CDC’s guidance to prevent and slow the spread of viral respiratory infections includes vaccination, treatment, and nonpharmaceutical interventions (CDC 2024a). Nonpharmaceutical interventions (NPIs) are actions, apart from getting vaccinated and taking medicine, that people and communities can take to help slow the spread of infections (CDC 2024b, Qualls 2017). A combination of individual, community, and environmental NPIs can be part of the response to respiratory infection outbreaks or pandemics (Qualls 2017).

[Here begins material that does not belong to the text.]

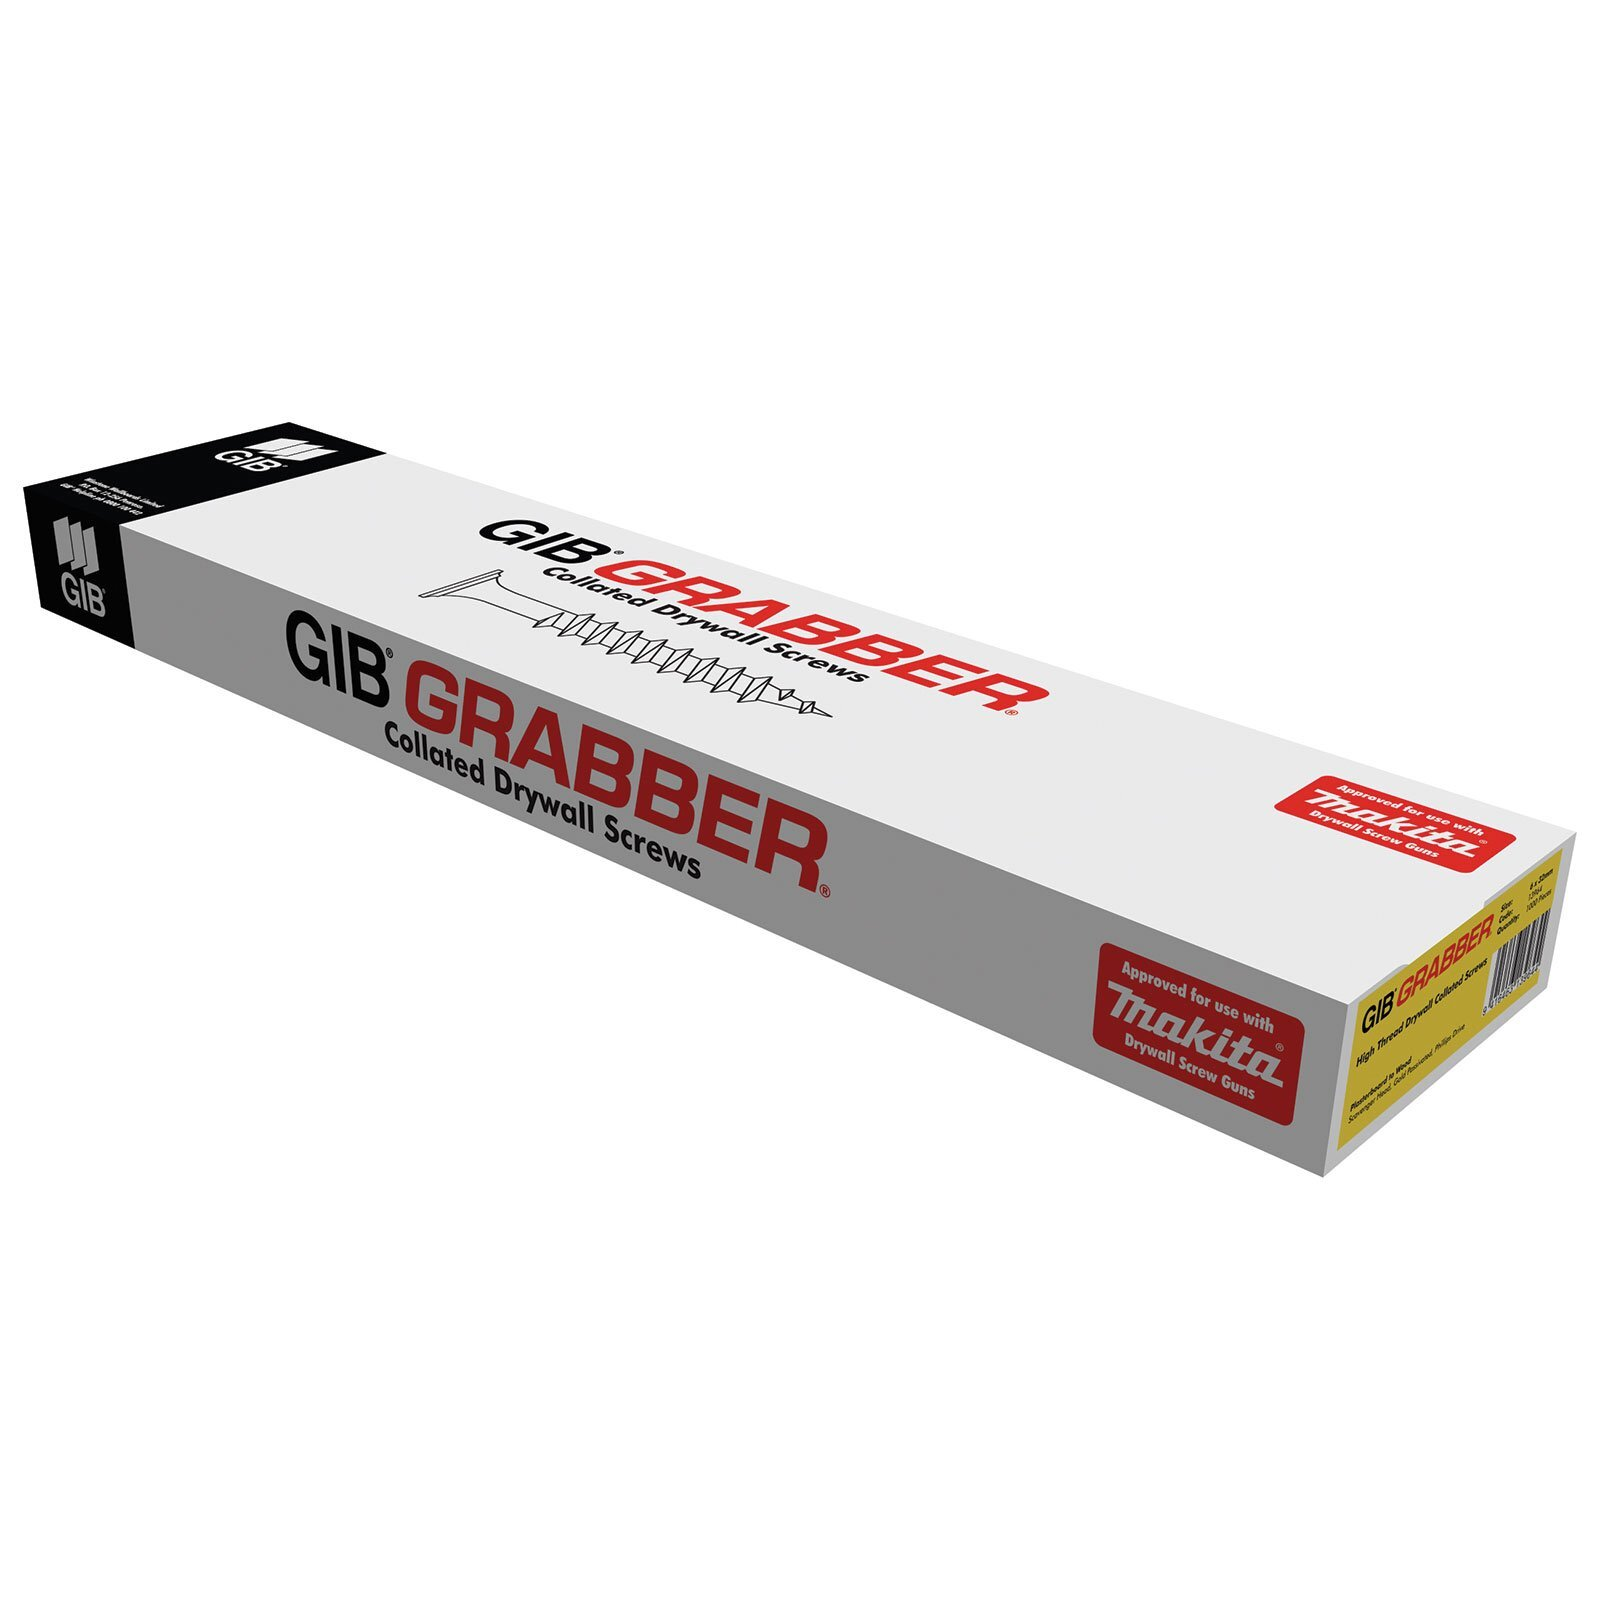 GIB® Grabber® 32x 6 Collated High Thread Screws 1000pk

Individual NPIs (CDC 2024b, 2024c, Qualls 2017) are everyday preventive actions such as:
- Proper hand hygiene: clean hands using an alcohol-based hand sanitizer in healthcare settings when hands are not visibly dirty; or washing with soap and water if hands are visibly dirty.
- Using personal protective equipment (PPE): covering nose and mouth with a mask, staff using gloves, gowns, goggles, face shields when appropriate.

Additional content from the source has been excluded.